Tuesday, August 11, 2009

I exist here


Monday, August 10, 2009

The basics

It started in the early '80s as a severe eye/neurological problem, involving serious hypersensitivity to light. I'd been given atropine eye ointment, and it changed the whole behavior of my eye muscles, making them go into spasm and stay that way whenever I was around light, or tried to focus on print. This has only become worse and worse ever since. It's not just painful; there is also an extreme "current" or "electricity" that results throughout the body, but that doesn't begin to describe it. It's horrible.

In 1985 I acquired Environmental Illness (also called Multiple Chemical Sensitivities... EI or MCS). It looks as if the EI resulted from the nervous system problem I already had; either way, it's all one interconnected phenemenon now. EI means that one's system reacts to everyday substances that most people have no difficulty with, a form of allergy, but mainly to chemicals and synthetic products, especially man-made perfumes. Reactions can be severe and life-threatening, and can take any form, but also can be very hard to characterize in words.

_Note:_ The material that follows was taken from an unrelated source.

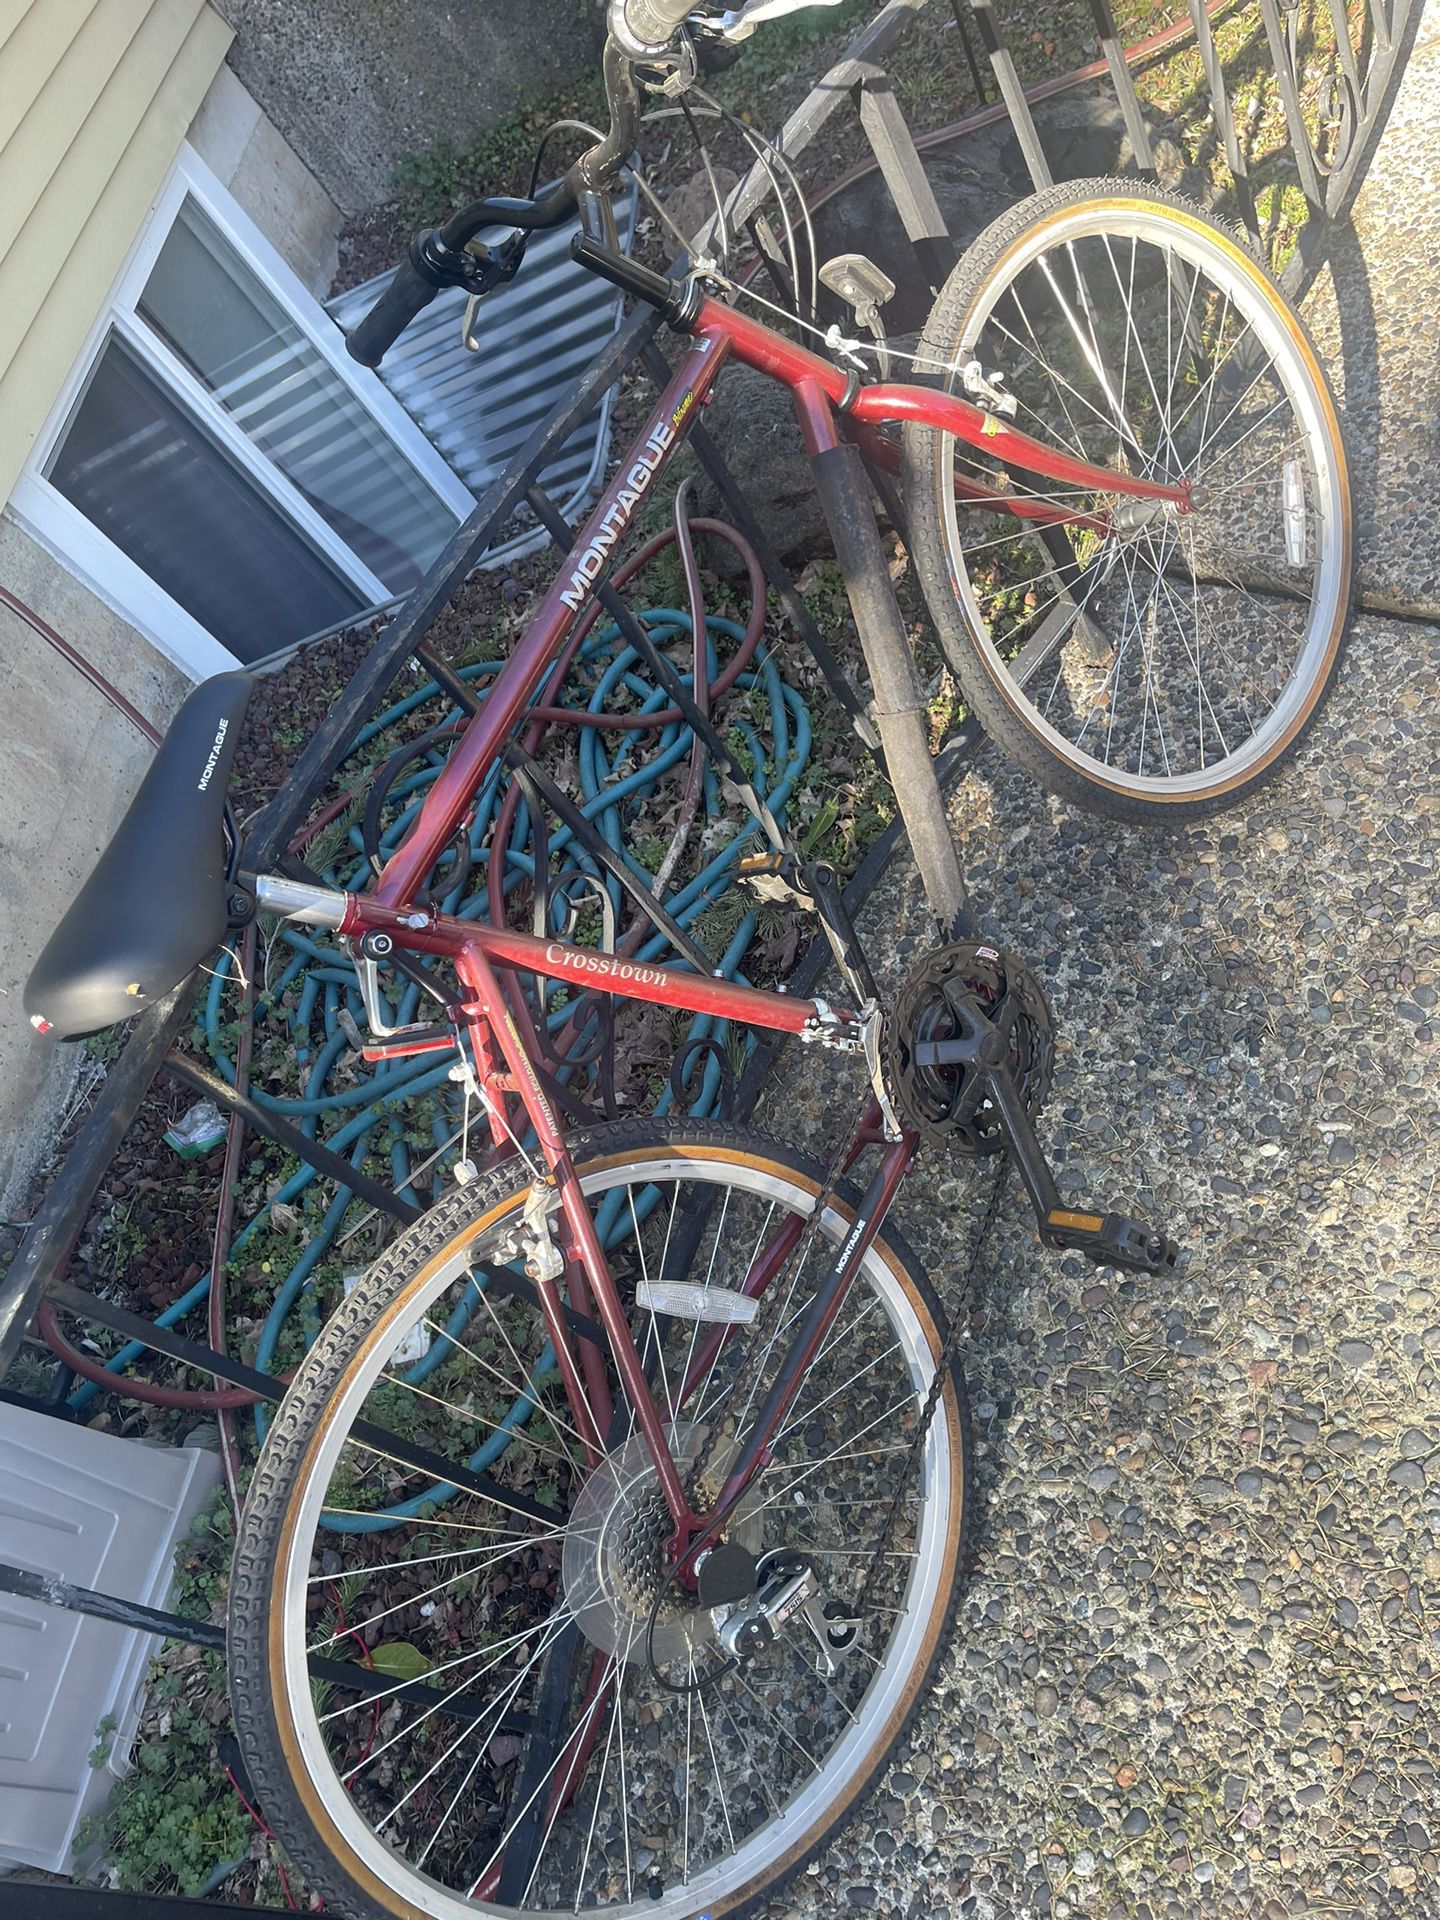 monatague crosstown bi frame vintage folding bike 26”

This is not some sort of technical blog for medical experts, nor is it just a listing of symptoms. It's about the experience of a human being trapped inside a sort of invisible jail cell created by symptoms, with soundproofed walls. I'm sorry if that sounds melodramatic, but it isn't. The symptoms themselves (partly bad memory/concentration, but it's not that simple) make it very hard to talk about or describe the condition. I keep going "blank", forgetting... it becomes almost impossible to process information in my head. That's the only way I can think to put it. Therefore, getting help has been impossible. If your communication is terrible, how can you give doctors or others the information they need in order to help you? How can you persuade people who doubt you?

This blog is an attempt to get around that problem, and to talk about what it's like to experience all this. After 29 years, I have to start to be heard.